To create impactful graphics for its 50 x 50-ft. booth at the Specialty Equipment Market Assn. (SEMA) tradeshow, which serves the automotive-aftermarket industry, Dee Zee contacted Beeline and Blue, a Des Moines, IA-based, digital-graphics provider. Beeline and Blue subsequently hired Origin Exhibit Structures, Orbus’ exhibit-graphics division, to design and produce the system.

“The client’s large exhibit space needed room for trucks, a meeting space and a focal point that could be seen from far away,” Jessica Horn, Orbus’ marketing coordinator, said. “This forced our design team to
be efficient, because there was no extra space.”

Origin’s design team laid out a template using the client’s furnished graphics. The schematic, which was created with Vectorworks and Adobe Creative Suite, included “dividing lines” that show where the exhibit’s extrusions will be placed. This allows clients to collaborate with Origin to determine what graphic components should be moved or resized.

Origin constructed the wraparound graphics with 2mm-thick Sintra® composite material.
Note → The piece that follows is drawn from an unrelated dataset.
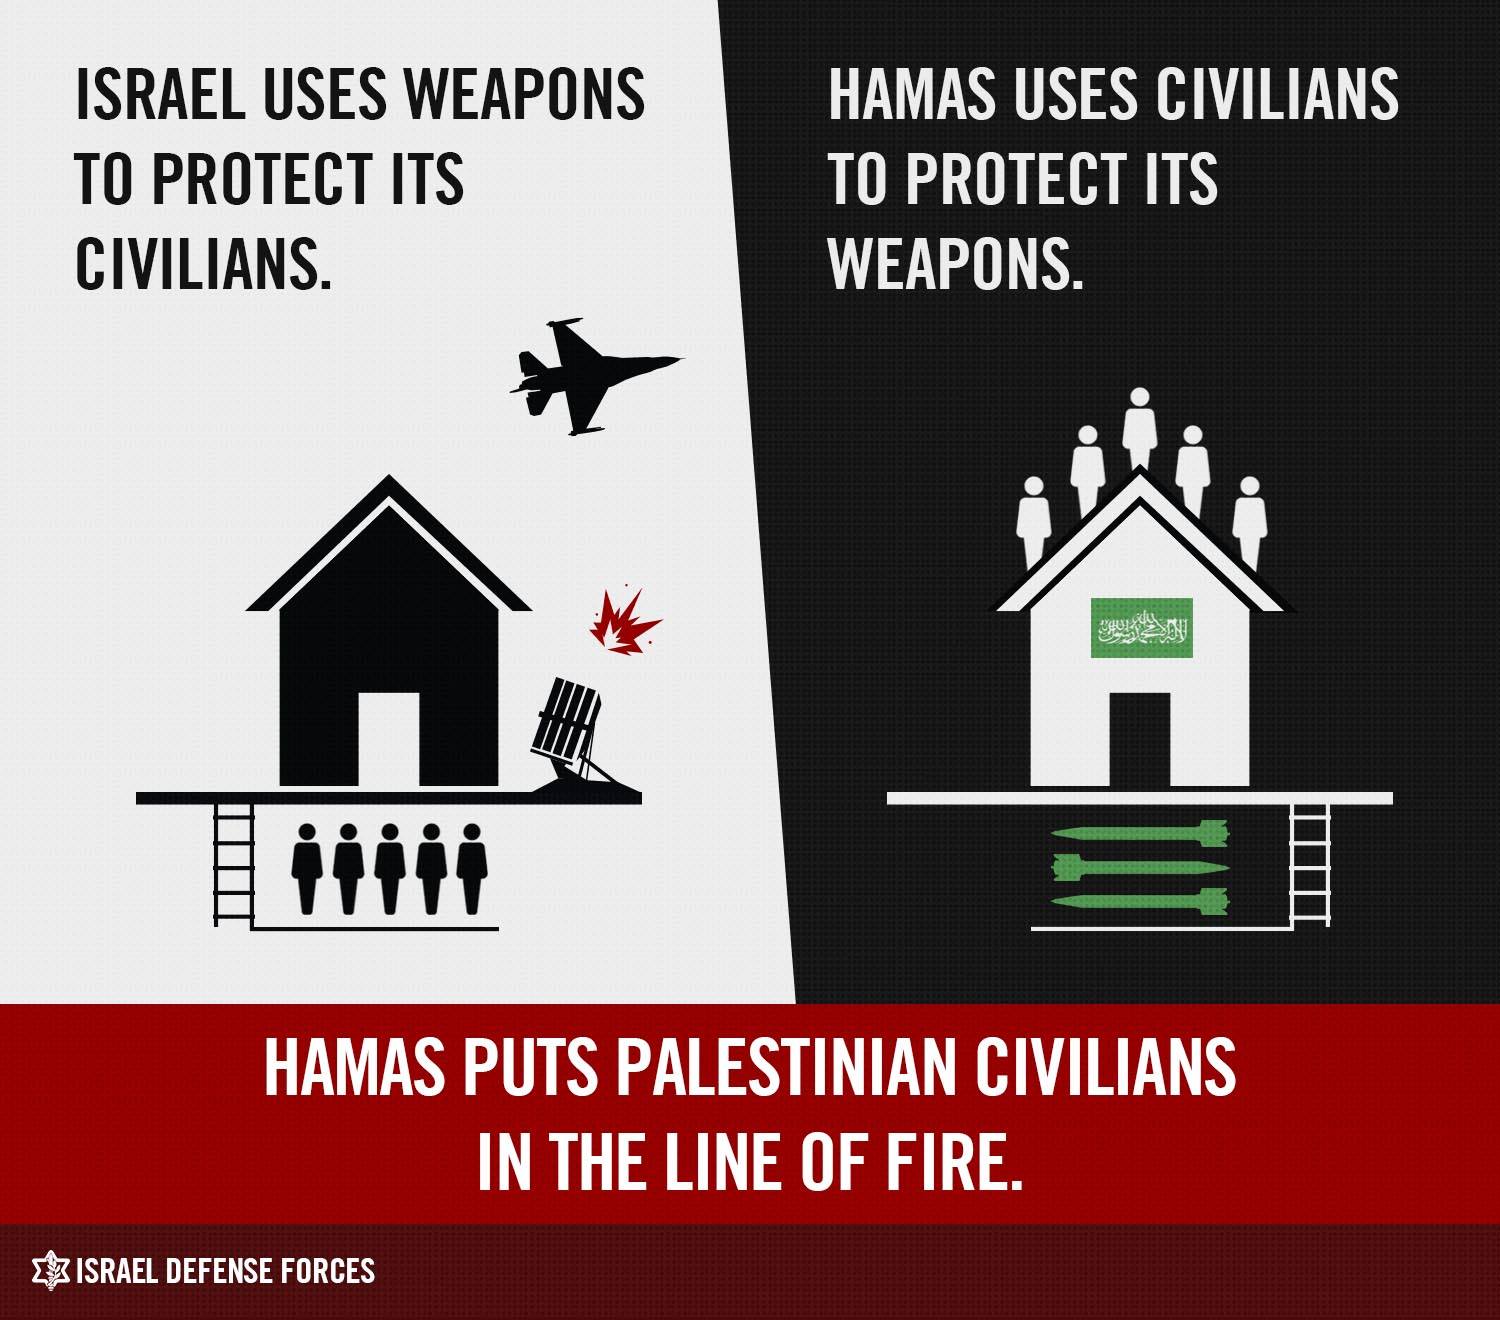 Israel and Hamas and their civilians
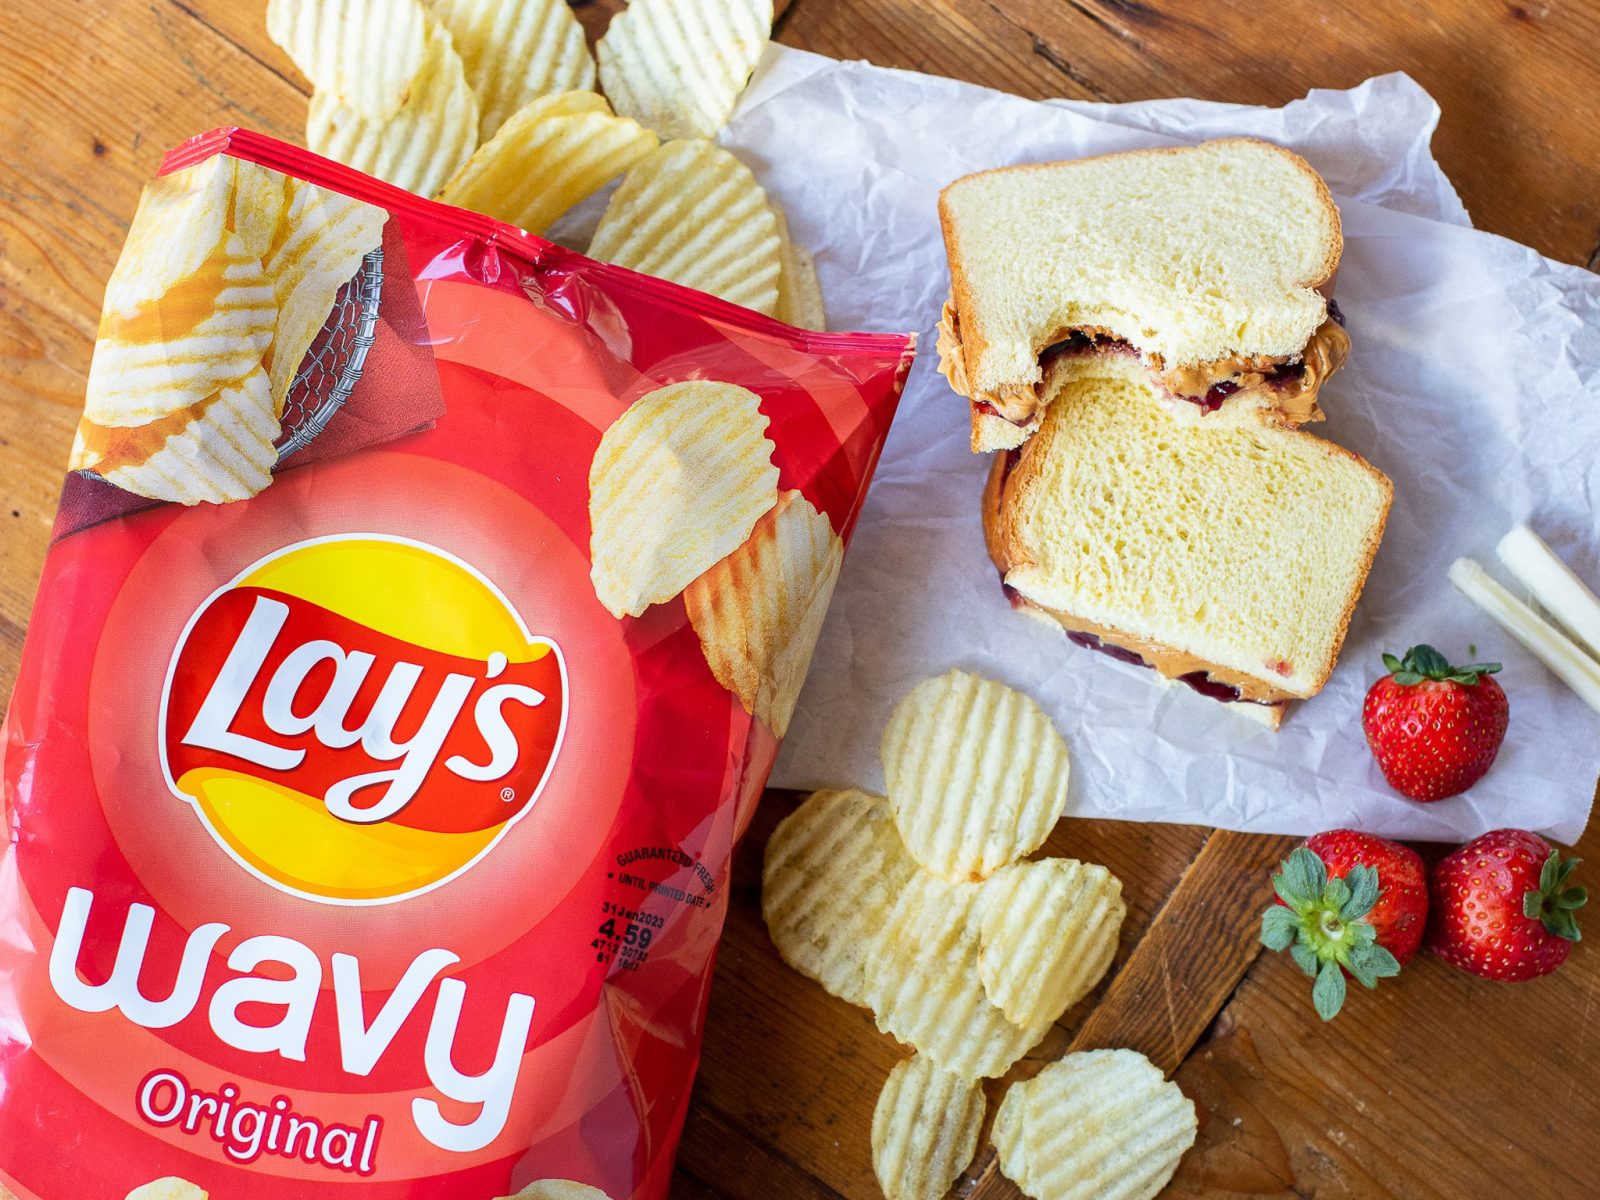 Lay’s Chips As Low As $1.99 At Kroger - iHeartKroger

Horn said the company preferred the material for exhibits because it holds curves well and is easily printed upon. The shop printed the job’s 88 panels on its EFI-VUTEk GS 2000 2m-wide, UV-ink flatbed printer with the ErgoSoft RIP. The project included three rounded structures fabricated from custom extrusions, which provided sufficient flexibility, so no tools were required for construction except a T-handle hex key.

“The biggest challenge was making sure the panels aligned,” Horn said. “A single mistake would cause all the panels to be distorted.”